Agora o leitor pode perguntar; "Por que todo este barulho para
ensinar o povo falar? Por que não devem as pessoas permanecer
caladas e fazer a humanidade feliz com um pouco de silencio?"
A razão é que o silencio das pessoas caladas é
duro para seus amigos e prejudicial para sua propria saude mental
e espiritual. A pessoa que pode ir a uma reunião e sentar-se
calada, enquanto outros estão conversando, pode orgulhar-se
de ter adquirido a arte de ouvir, mas está muitissimo enganada.
Sua arte é descortês para os que falam, porque tal pessoa
naturalmente não sente obrigação de contribuir
para a troca de idéias.
Os pais bem orientados devem afligir-se por um filho ou filha que
nunca diz nada e continua a aceitar hospitalidade sem contribuir para
entreter os outros hospedes.

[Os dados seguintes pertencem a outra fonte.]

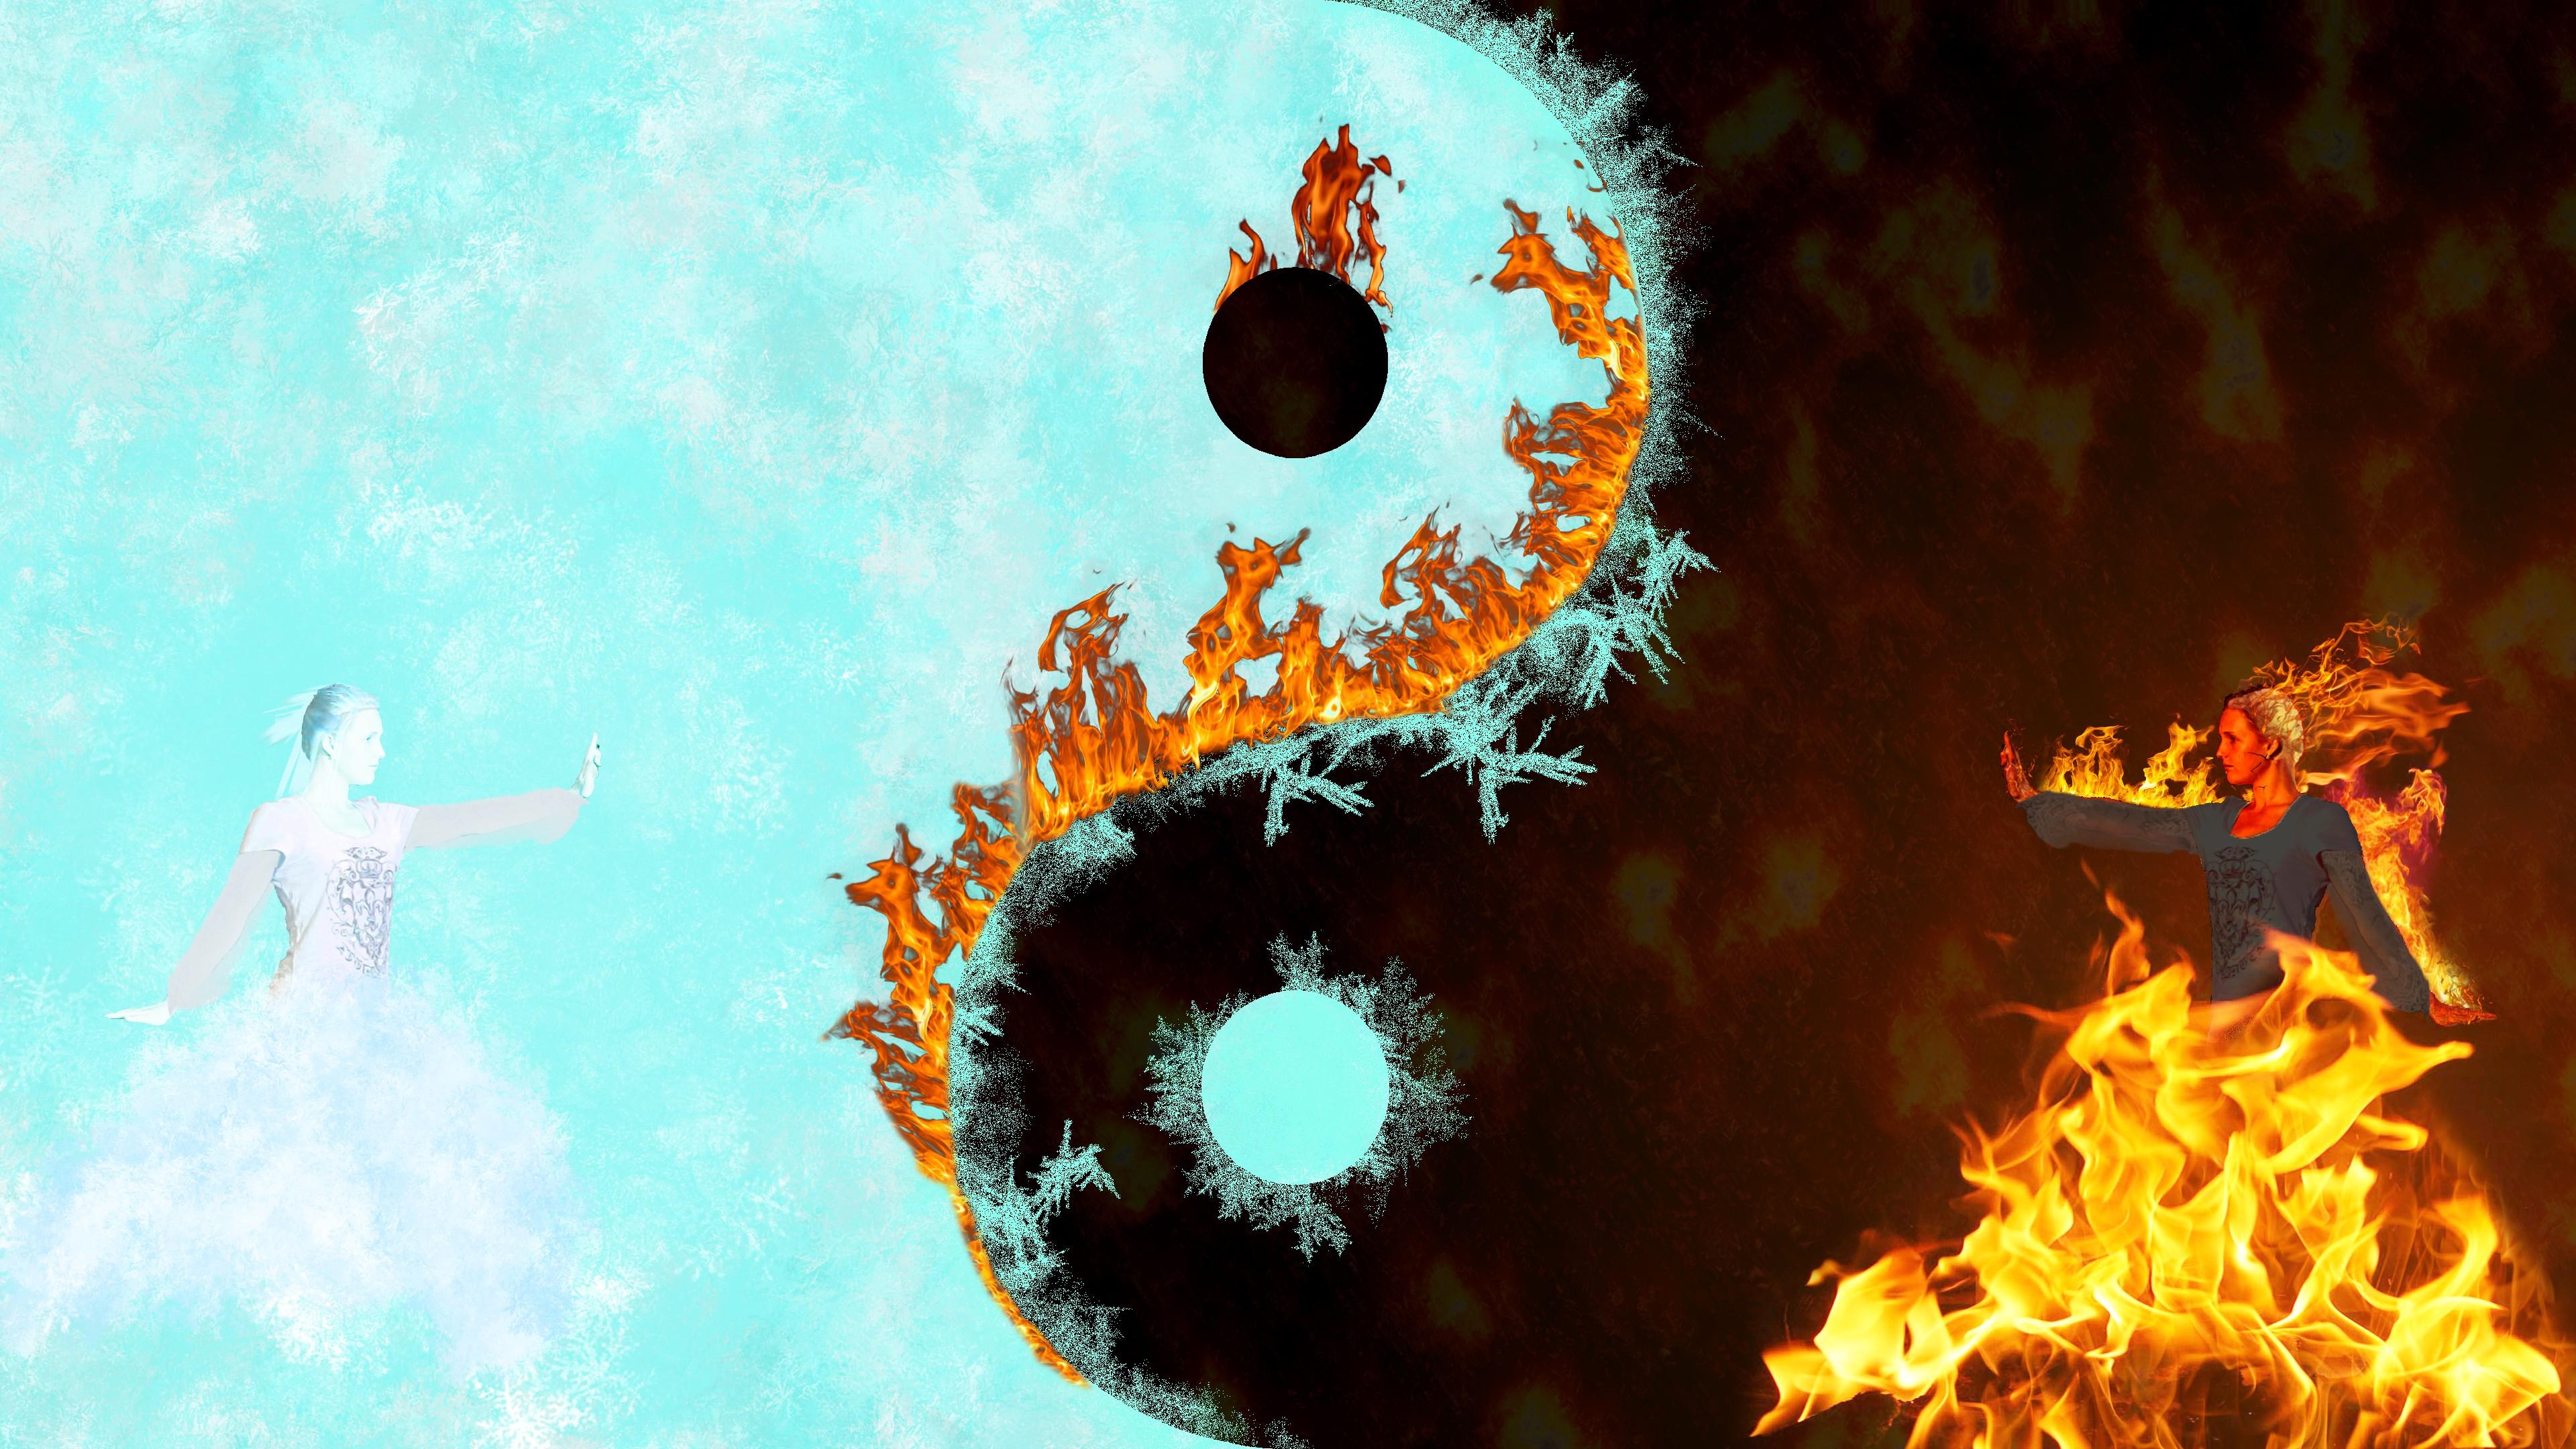 Illustration Ice Fire Yin And Yang Screenshot Computer Wallpaper

Por fim, um carater como este, torna-se
envenenado com a convicção de que a sociedade é
inimiga, que as outras pessoas são hostis, e que há
alguma coisa errada no mundo.
Uma vez iniciada a palestra o hospedeiro ou hospedeira, ou aquele
que toma a dianteira, deve introduzir nela todos os presentes. Isto
se consegue facilmente, repetindo-se a primeira pergunta e aplicando-a
a todos, a cada um por sua vez. Se perguntarmos à primeira
pessoa como passou as ferias, perguntaremos logo à segunda
se passou do mesmo modo ou de modo diferente. Tanto quanto possivel,
devemos fazer cada um entrar com uma contribuição pessoal
para o assunto central.
Haverá algum momento, especialmente num grupo pequeno e intimo,
em que a conversa se pode tornar muito local ou muito pessoal. A palestra,
naturalmente, perde sua finalidade quando degenera em tagarelice.

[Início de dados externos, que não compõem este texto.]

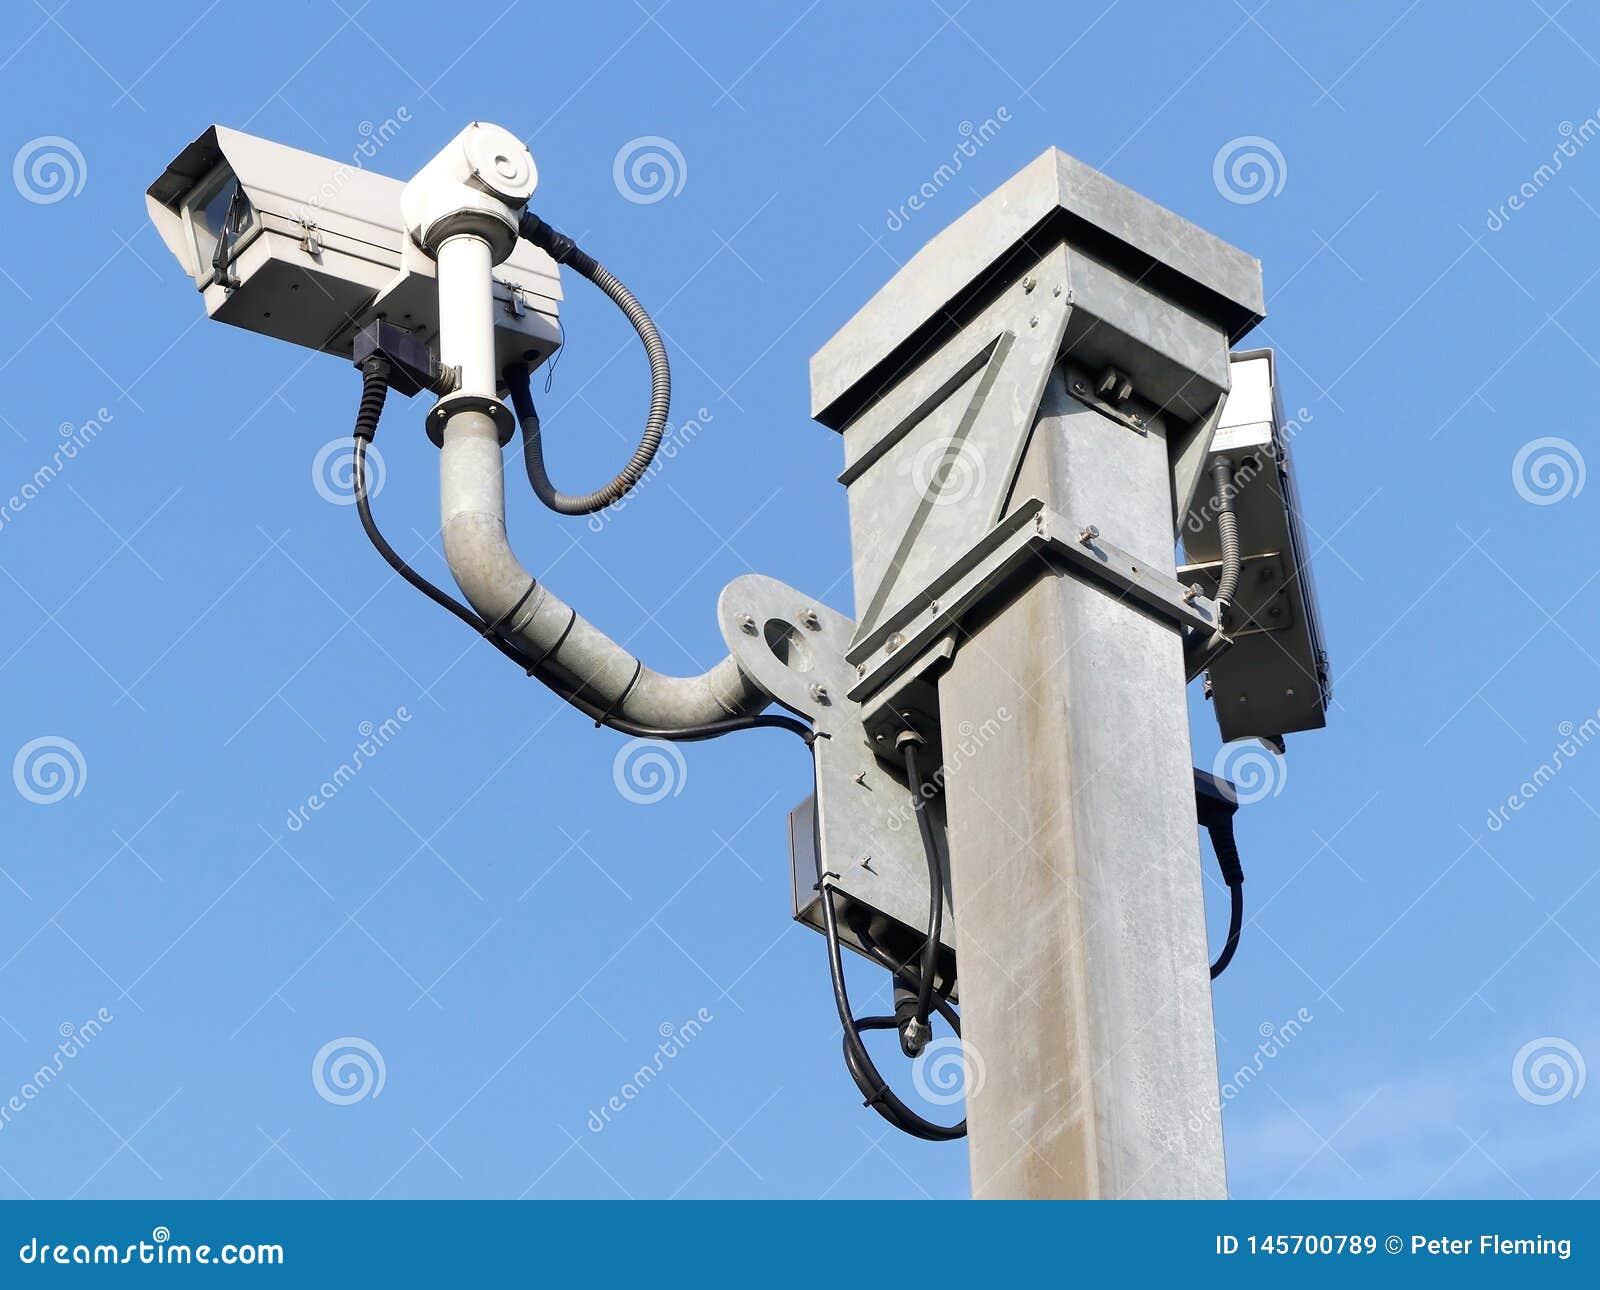 Surveillance cameras monitoring motorway traffic on the M25 in Hertfordshire

Para evitar este perigo, muda-se o assunto levemente, de modo que
se aplique a outras pessoas alem das presentes. Automaticamente, o
tom da conversa será elevado.
Um problema, na maioria das conversas, é de saber como se deve
proceder com as pessoas que gostam de contar pilherias. Uma história
comprida transforma o contador em preletor e reduz as outras pessoas
à condição de auditorio. As piores reuniões
a que tenho assistido se tornaram inesqueciveis por causa de alguma
pessoa, que, tendo surgido inesperadamente com uma historia interessante,
tomou conta da palestra...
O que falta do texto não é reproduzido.